▸ **Exercise directions**
Each line of the material must be reproduced exactly; pictures stay out.

▸ **Data excerpt**
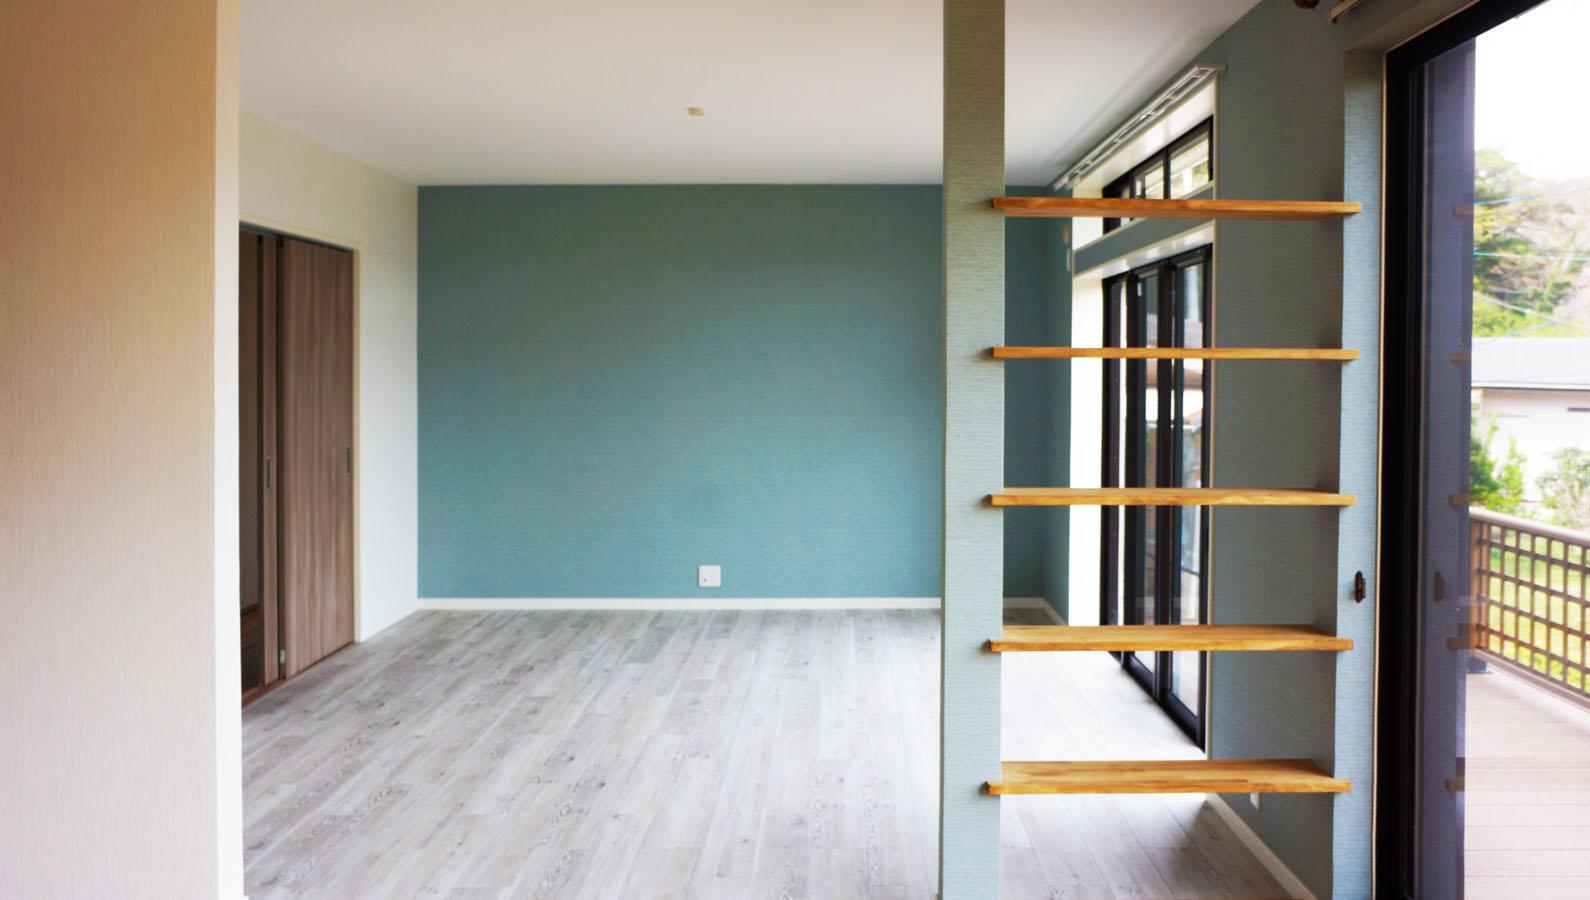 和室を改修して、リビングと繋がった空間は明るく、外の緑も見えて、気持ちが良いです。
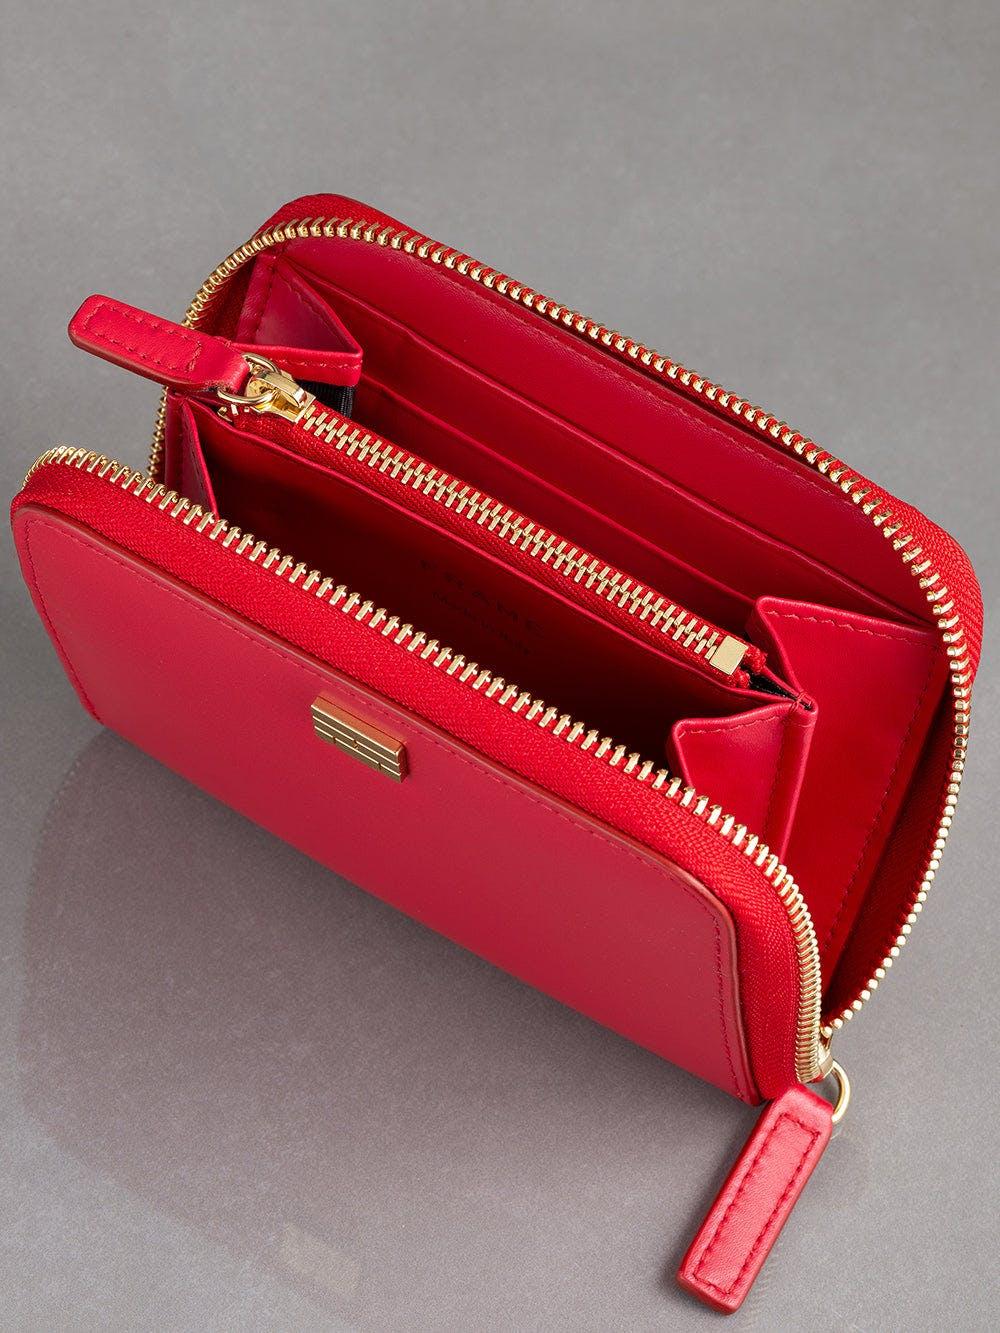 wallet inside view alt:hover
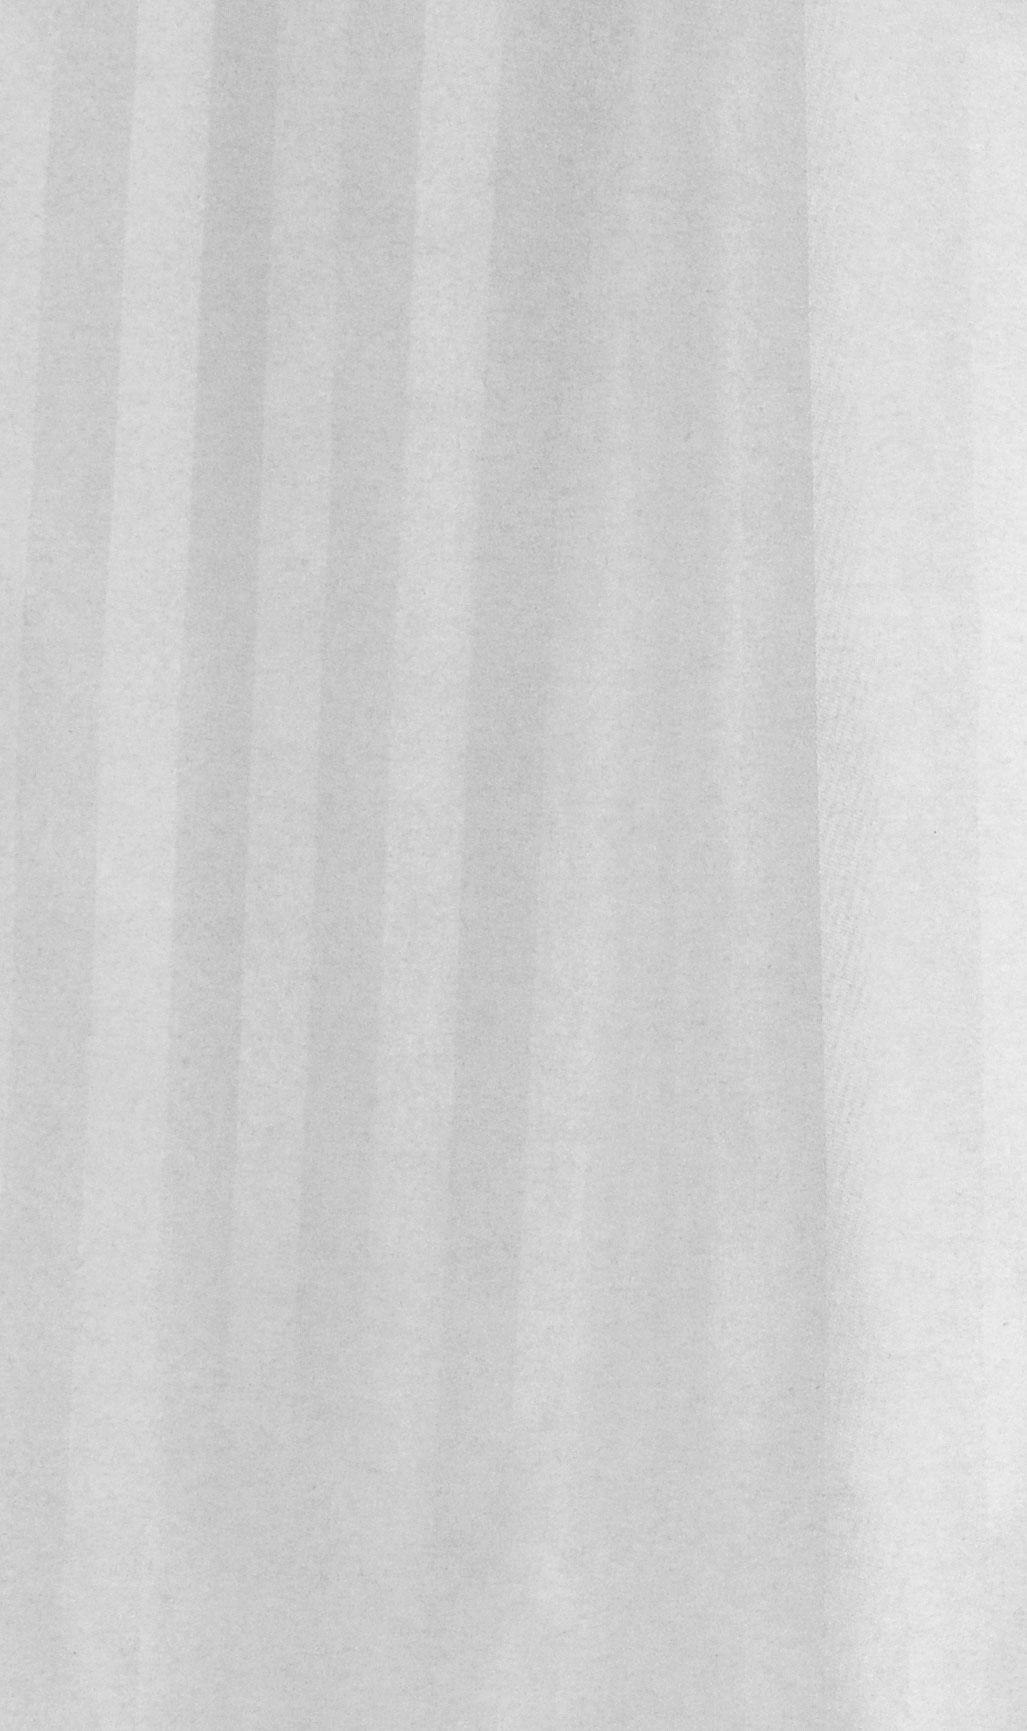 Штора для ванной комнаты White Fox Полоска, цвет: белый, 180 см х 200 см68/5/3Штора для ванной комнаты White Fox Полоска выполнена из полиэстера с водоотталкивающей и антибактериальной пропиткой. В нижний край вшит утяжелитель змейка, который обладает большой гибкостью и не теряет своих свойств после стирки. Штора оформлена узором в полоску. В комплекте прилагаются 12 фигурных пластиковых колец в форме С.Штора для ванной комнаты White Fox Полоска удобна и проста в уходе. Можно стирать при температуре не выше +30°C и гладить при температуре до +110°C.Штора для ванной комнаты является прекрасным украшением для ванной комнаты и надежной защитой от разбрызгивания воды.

▸ **Written reply**
 和室を改修して、リビングと繋がった空間は明るく、外の緑も見えて、気持ちが良いです。
 wallet inside view alt:hover
 Штора для ванной комнаты White Fox Полоска, цвет: белый, 180 см х 200 см68/5/3Штора для ванной комнаты White Fox Полоска выполнена из полиэстера с водоотталкивающей и антибактериальной пропиткой. В нижний край вшит утяжелитель змейка, который обладает большой гибкостью и не теряет своих свойств после стирки. Штора оформлена узором в полоску. В комплекте прилагаются 12 фигурных пластиковых колец в форме С.Штора для ванной комнаты White Fox Полоска удобна и проста в уходе. Можно стирать при температуре не выше +30°C и гладить при температуре до +110°C.Штора для ванной комнаты является прекрасным украшением для ванной комнаты и надежной защитой от разбрызгивания воды.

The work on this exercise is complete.